Crystal Palace used to have a second railway station, the Crystal Palace (High Level) railway station. The station was built to serve passengers visiting the Crystal Palace, but after the fire in 1936 traffic on the branch line declined. During World War II the line serving the station was temporarily closed due to bomb damage. Although repairs were made and the line was reopened, the requirement for reconstruction work and the drop in traffic led to the decision to close the station and branch line in 1954, followed by the demolition of the station in 1961. Despite the demolition, a Grade II listed subway remains under Crystal Palace Parade. The Crystal Palace pneumatic railway was also built in Crystal Palace circa 1864.

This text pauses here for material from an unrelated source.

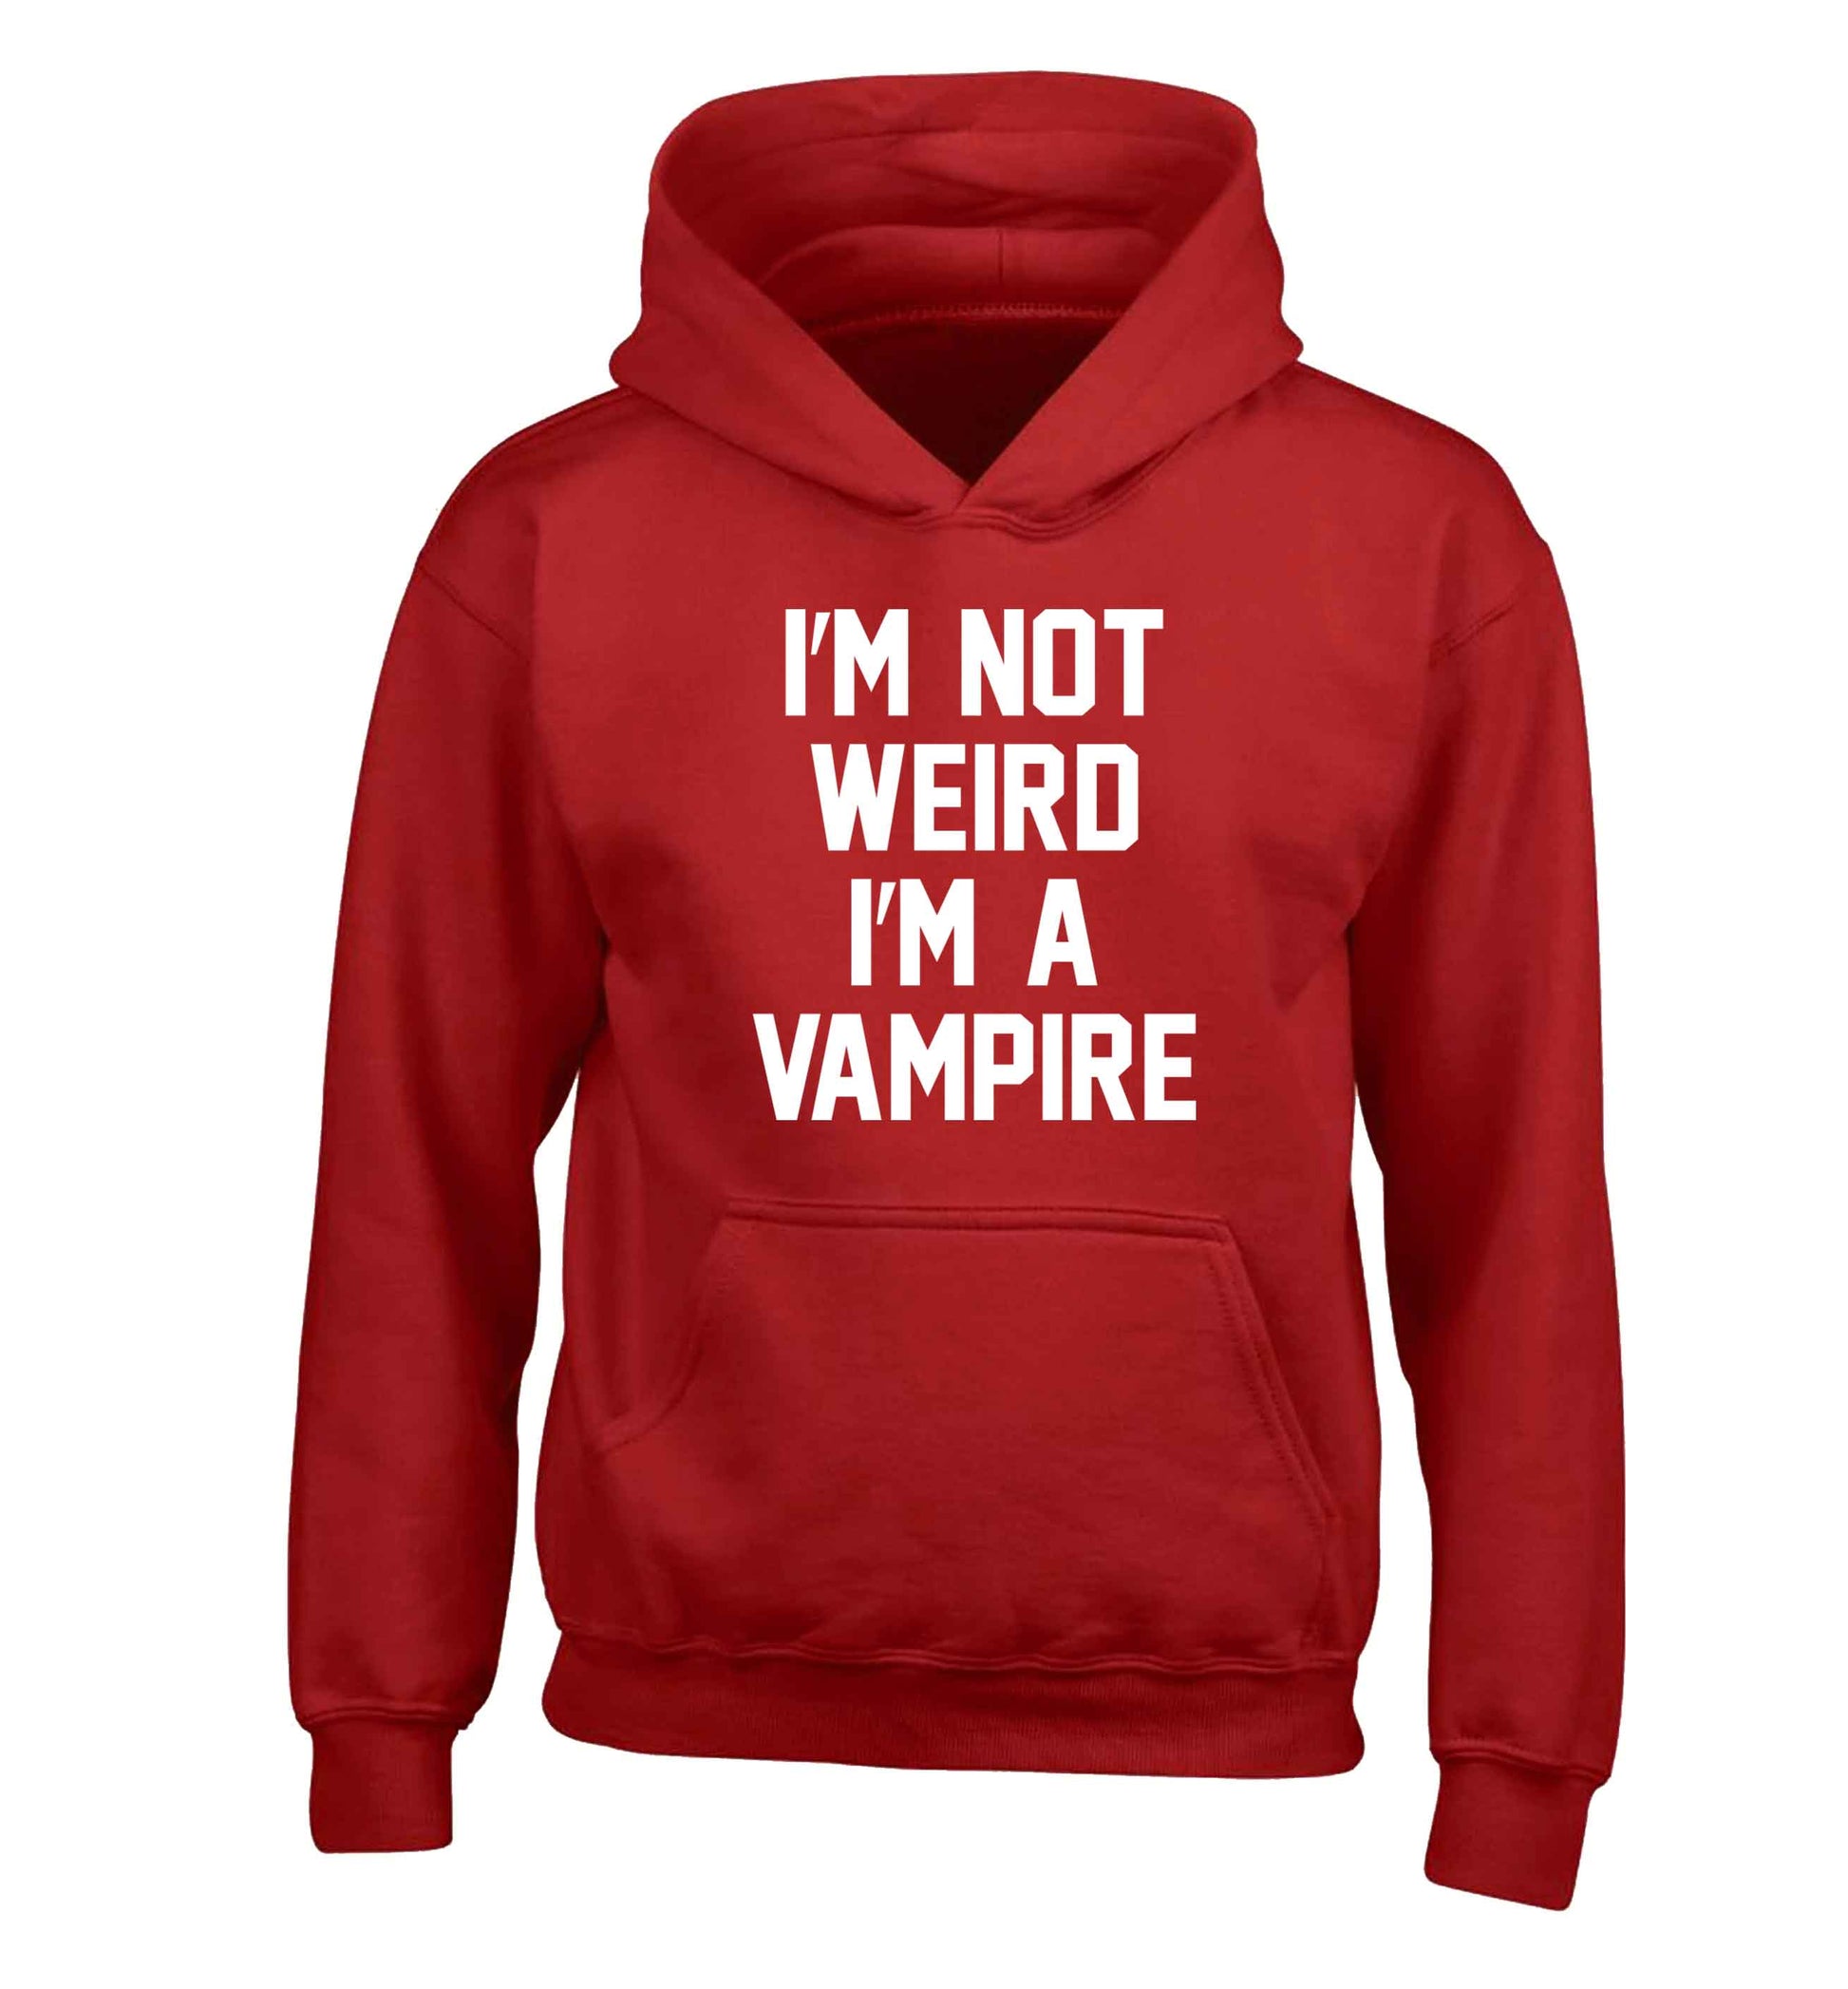 I'm not weird I'm a vampire children's red hoodie 12-13 Years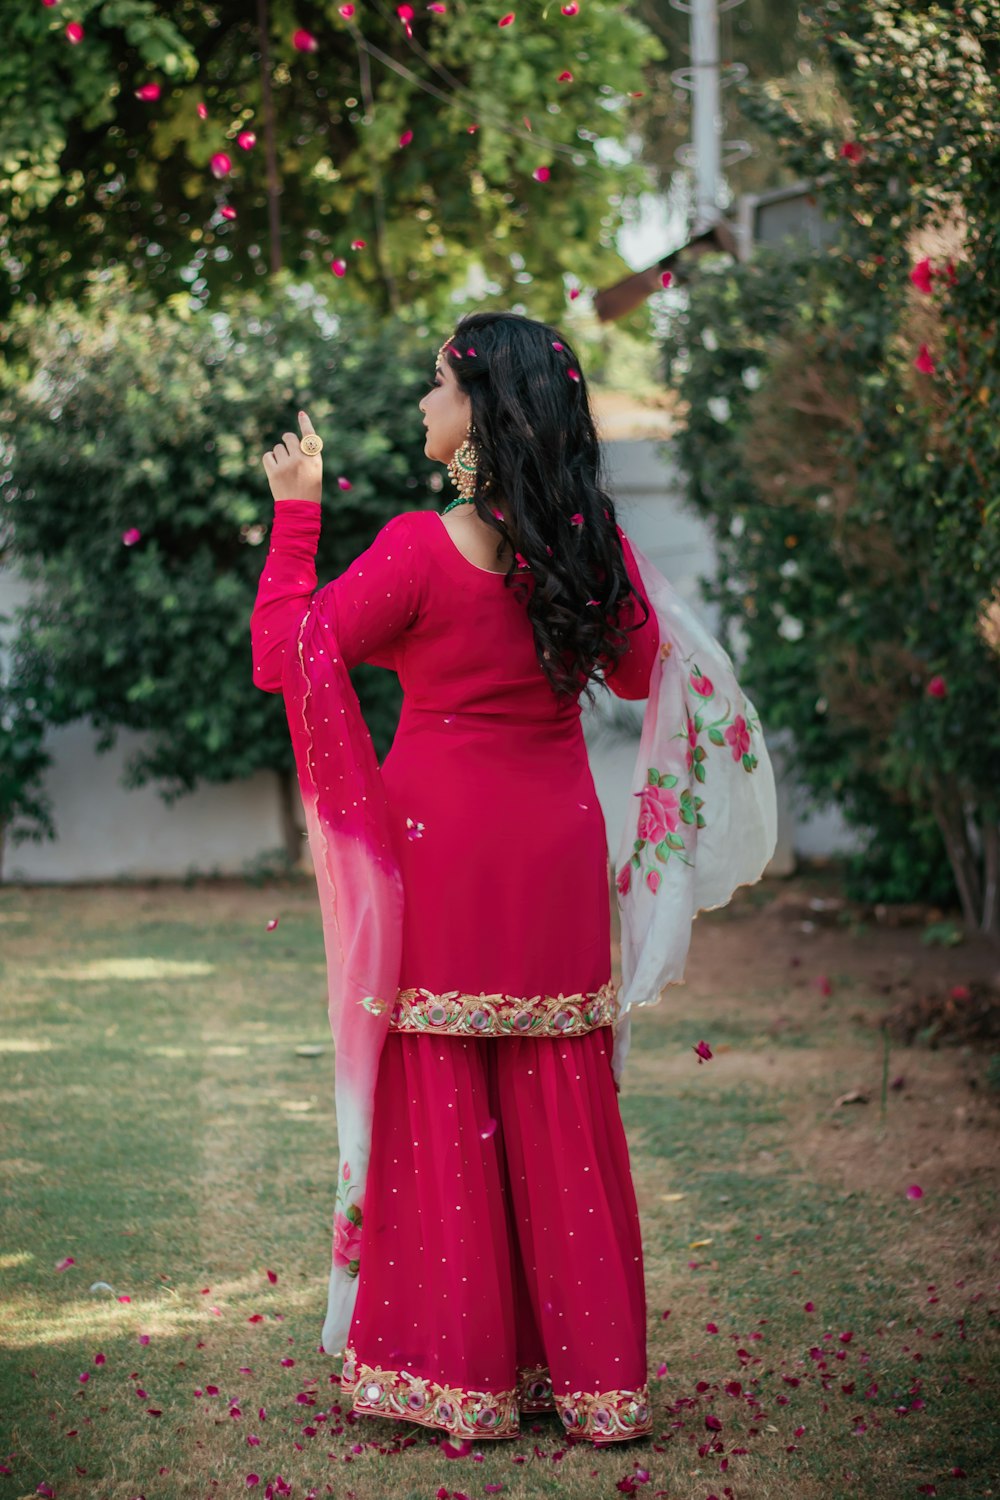 Punjabi Suit Pictures | Download Free Images on Unsplash

The low level station remained open, although passenger numbers at that station also fell after the fire of 1936 and many services were diverted to serve London–Croydon routes instead of the Victoria–London Bridge route. Rail travel was in decline across the UK in the 1960s and 1970s when the Beeching Axe was imposed. During the 1970s, two outer platforms used by terminating trains were abandoned and the third rail was removed.
More recently rail travel at the station has seen a resurgence and new services have started running. Passenger numbers increased each year between 2004 and 2013. Since May 2010, the station has served the East London Line branch of the London Overground, connecting with the Docklands and Shoreditch. In 2011 services were extended to Highbury and Islington. The station underwent redevelopment in 2012, which brought the original Victorian booking hall back into use, created a new cafe in the station building and provided wheelchair access through the installation of three lifts; this work was completed by the end of March 2013.
There have been past proposals to connect the Croydon Tramlink to Crystal Palace, with mayoral candidates citing the desirability of the initiative.
The area is served by multiple bus routes, many of which terminate at Crystal Palace Bus Station. These services include routes N2, 3/N3, N63, 122, N137, 157, 202, 227, 249, 322, 358, 363, 410, 417, 432, 450 and 931.